According to a recent report, most of Wyoming snowpacks are below average, with the majority seeing anywhere from just 70 to 89 percent of the 30-year median average. Only the Yellowstone and Shosone basins in the Northwest are close to average.
Jim Fahey, Wyoming Natural Resources Conservation Service (NRCS) hydrologist, said much of the state has been experiencing varying levels of drought since the summer. But there's still time to gain more moisture.
"Our main snowpack months, where especially west of the continental divide is January through March," he said. "Then most of the state is east of the continental divide is really dependent upon the spring precipitation. A lot of areas east divide get up to 60 percent of the precipitation for the year during that mid-March to early June timeframe."

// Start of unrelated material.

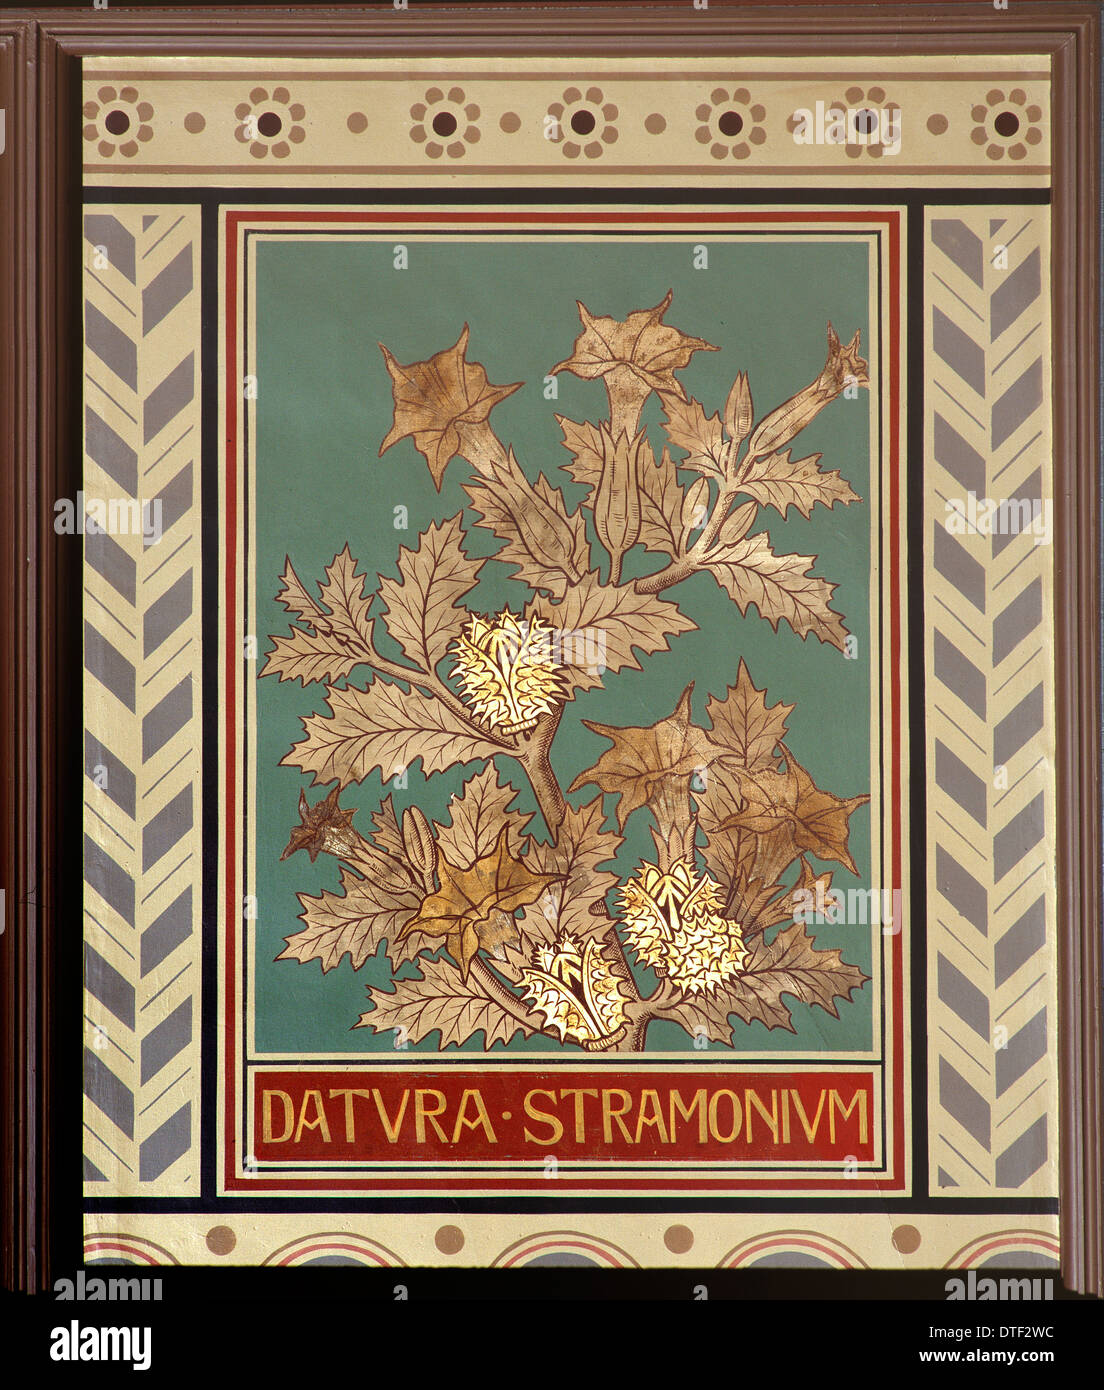 Datura stramonium, jimsonweed Foto Stock

According to the Drought Monitor from the University of Nebraska, Lincoln, much of central Wyoming and some other areas are currently in extreme drought conditions. In July, some parts of North-Central Wyoming entered extreme drought conditions for the first time since October 2018.
Though weather forecasters have predicted a wet winter due to La Niña, Fahey said that prediction is only applicable to northern wyoming.
"[There's] a little concern with really the dry Laramie range, which includes the lower North Platte, and the Laramie watershed and the upper North Platte. I'd be concerned with them because the pattern that we're advertising with Alinea really does not affect that area with moisture," he said.
Fahey said the upcoming week's forecasts don't look promising for an abundance of moisture.